Final Words And An Update On My Life
Wow, guys, that’s it from me for this week. I’m back and I’m excited about it. I hope some of you cared enough to read this far, if you are reading this, just know that I appreciate you and quite frankly still find it hard to wrap my mind around the fact my words mean anything to you. Even if it’s just one person, Thank you!!!
As you can see, this post is more a letter to myself, it’s a pick me up. a pep talk if you will. It’s the things I need to hear and the thing I need to do and change to get to my best self. The past is behind me, what’s happened has happened, My future is bright and my present is even brighter.
So yeah, some of this is a personal note to me, so ignore those parts.
And now for an update on what I’m doing with my life. I’ve just finished school now, and instead of heading to university, I’m taking a gap year. I’ve found a few part-time jobs and I will be working until early 2022, where I will embark on the journey of a lifetime.
I will be traveling for a large chunk of the year, heading back to Italy for a month or so, a bit more around Europe, and the big event: 3+ months spent voyaging around South America with my friends.
In this gap year, I want to start writing a book.
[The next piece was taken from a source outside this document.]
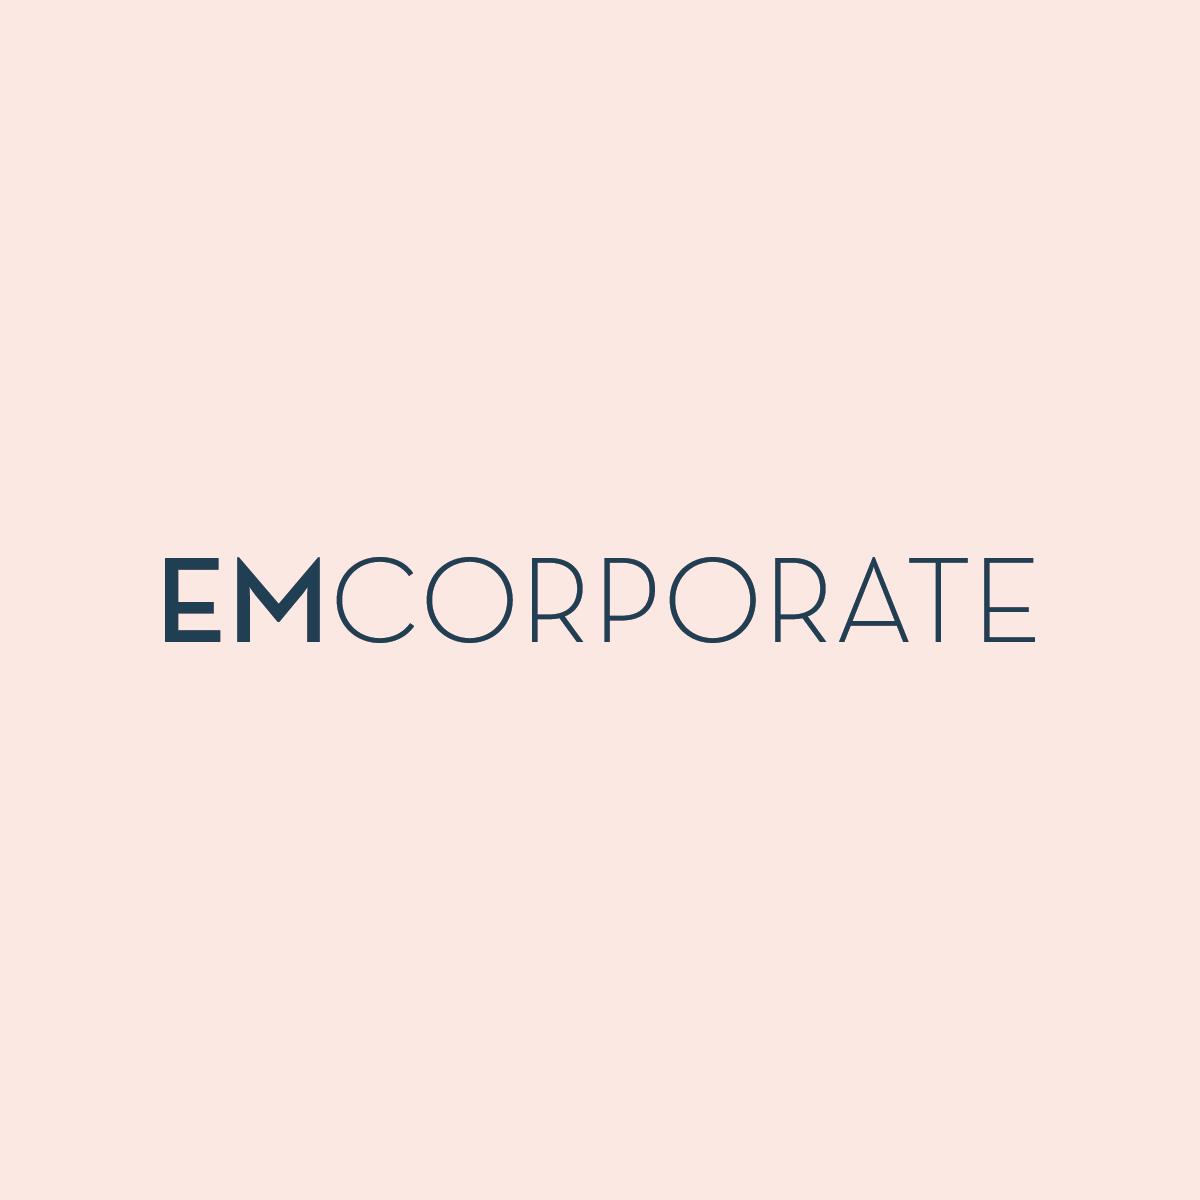 EM Corp Webside Branding Images-01.png

And I will do so. It will be a novel, and I suspect a lot of the ideas for this novel will come to me whilst experiencing life during my travels and my gap year, just stay tuned guys.
Thanks for reading and I’ll send you another email next week! Share this with one person if any of this resonated with you. Love you guys.
The best revenge is growth,
Julian.
Hi Julian, Thank you for your article, I read it all.
Firstly, I’m sorry you have had a tough time lately. Be gentle and compassionate with yourself, ok? Life is very tough at times. You are bouncing back, I can tell. Bloodied but unbowed. Good for you! The bad times pass too, as you know. We all get knocked down by life. It’s how we react to the knocks, that’s the thing. We get up again and carry on, just like you are doing. Be gentle with yourself, you’ll be fine. Enjoy your travels, be in the moment. Look after yourself.